J.W. knew this was a huge piece of information. He was a public figure, an official who swore an oath to uphold the Constitution. He went back to his mentor, Mario Castillo, a San Angelo native who had introduced J.W.’s parents to one another and then went on to work on Capitol Hill. Castillo is now a very well-connected Washington, D.C., lobbyist and he made a few calls for J.W., including to an immigration attorney. They were told that J.W. could not do anything about Gabriel’s status and that the mayor could face charges for “harboring an illegal alien” or other offenses.
“At that moment I realized I had to make a decision—politics or Gabriel,” J.W. said. He decided to break off the relationship before it became public. It was a week before the election. J.W. went to Gabriel’s apartment and told him they couldn’t see each other anymore. It felt like sticking a knife in his own heart, he said, but he did not see any other way. Gabriel was crushed as well. He called some friends from the city a few hours away where he had attended high school and they picked him up. He laid low for the weekend, read a good book and sent J.W. a text, congratulating him on his fourth win. When Gabriel got back to San Angelo, there was a letter waiting for him. J.W. wrote and told him that he wanted to be with him but that it was very complicated. In all, he mailed three letters that week between the election and his swearing in. “In the letters I said please work with me. I’m in the middle of a very difficult situation. I love you. I care about you deeply… I can’t be an official and be with you,” J.W. recalled. Gabriel wrote back and told J.W. he trusted him and that he knew he had to figure out what to do. “It’s his decision—just like when he broke up with me,” Gabriel said. “I cannot think for him. We each have to make our own decisions.” “It was like we were oceans apart, and we were in the same town,” J.W. said.

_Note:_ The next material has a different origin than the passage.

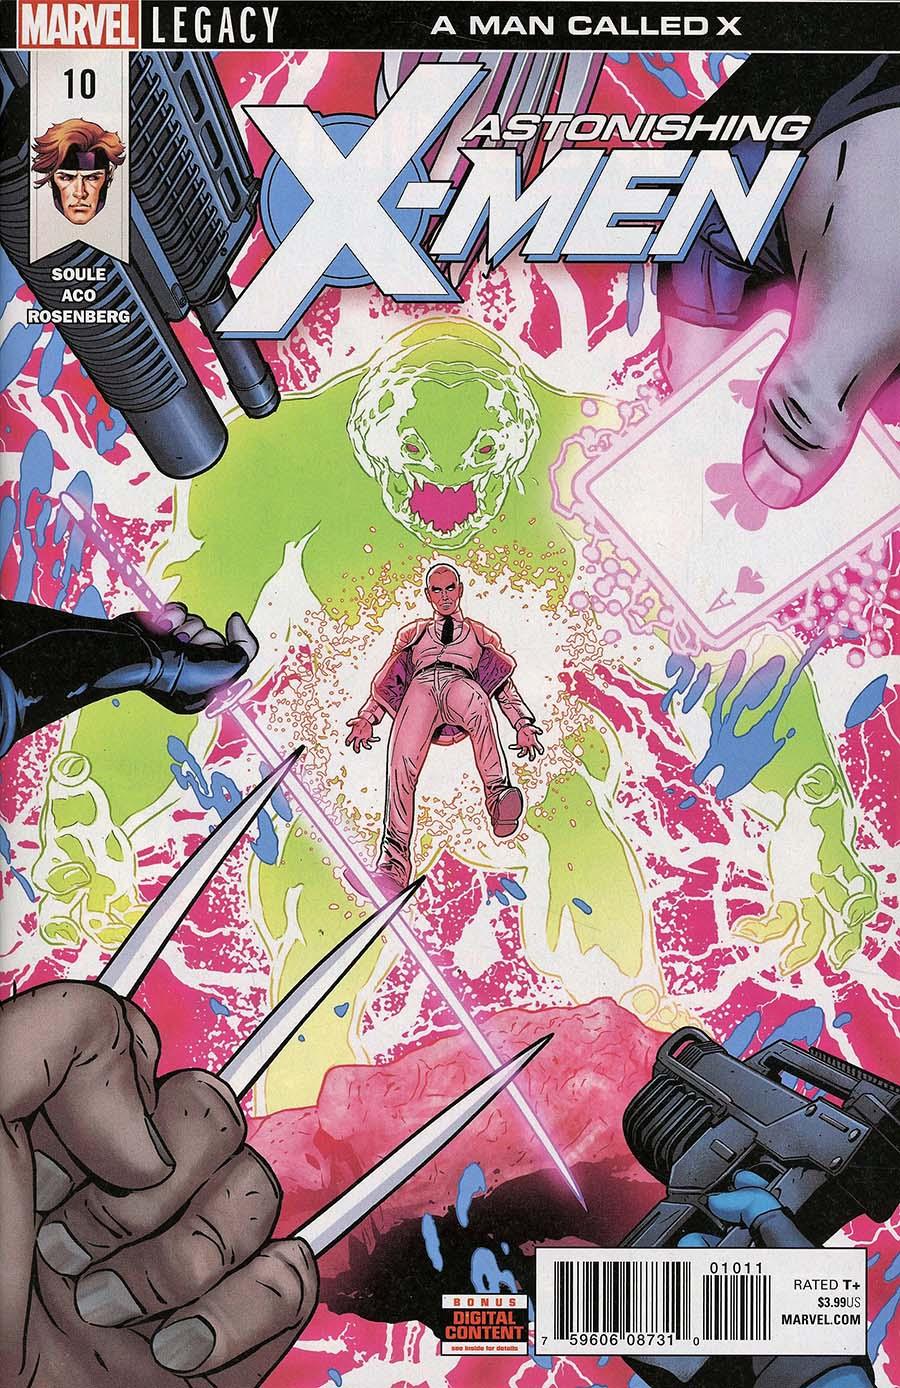 Astonishing X-Men Vol 4 #10

By the third letter the two had hatched a plan. It was tentative but it was a plan. J.W. continued to make inquiries about getting a green card or student visa for Gabriel. He told his childhood friend what was going on but no one else. He did not see Gabriel, but Gabriel was the only thing on his mind that week, despite the headlines and the speeches and the post-campaign wrap-up. They would have to find a way to be together.
(…)
Even if DOMA is overturned or if the Uniting American Families Act passes Congress, couples like J.W. and Gabriel—with three and ten year bars—will still be kept out of the country, just as Nicole and Margo are. J.W. and Gabriel are not in a rush to move back to Texas, but they would like to go home to J.W.’s ranch and spend Christmas with his sister and many dear friends. J.W. is not in a rush to get back into politics either, but he would like the option and many of his former constituents would like him to return as well. “It would be nice to have the flexibility to make a life with Gabriel in the United States, but this is the second best option,” he said. In many ways, same-sex binational couples have made more progress on the immigration front than any other group of immigrant families. They will most likely win access to immigration benefits and all of the other federal benefits that DOMA denies them in the near future. But as long as the three-year, ten-year and permanent bars remain, it’s still a race to nowhere for Gabriel and Ottie and their American families.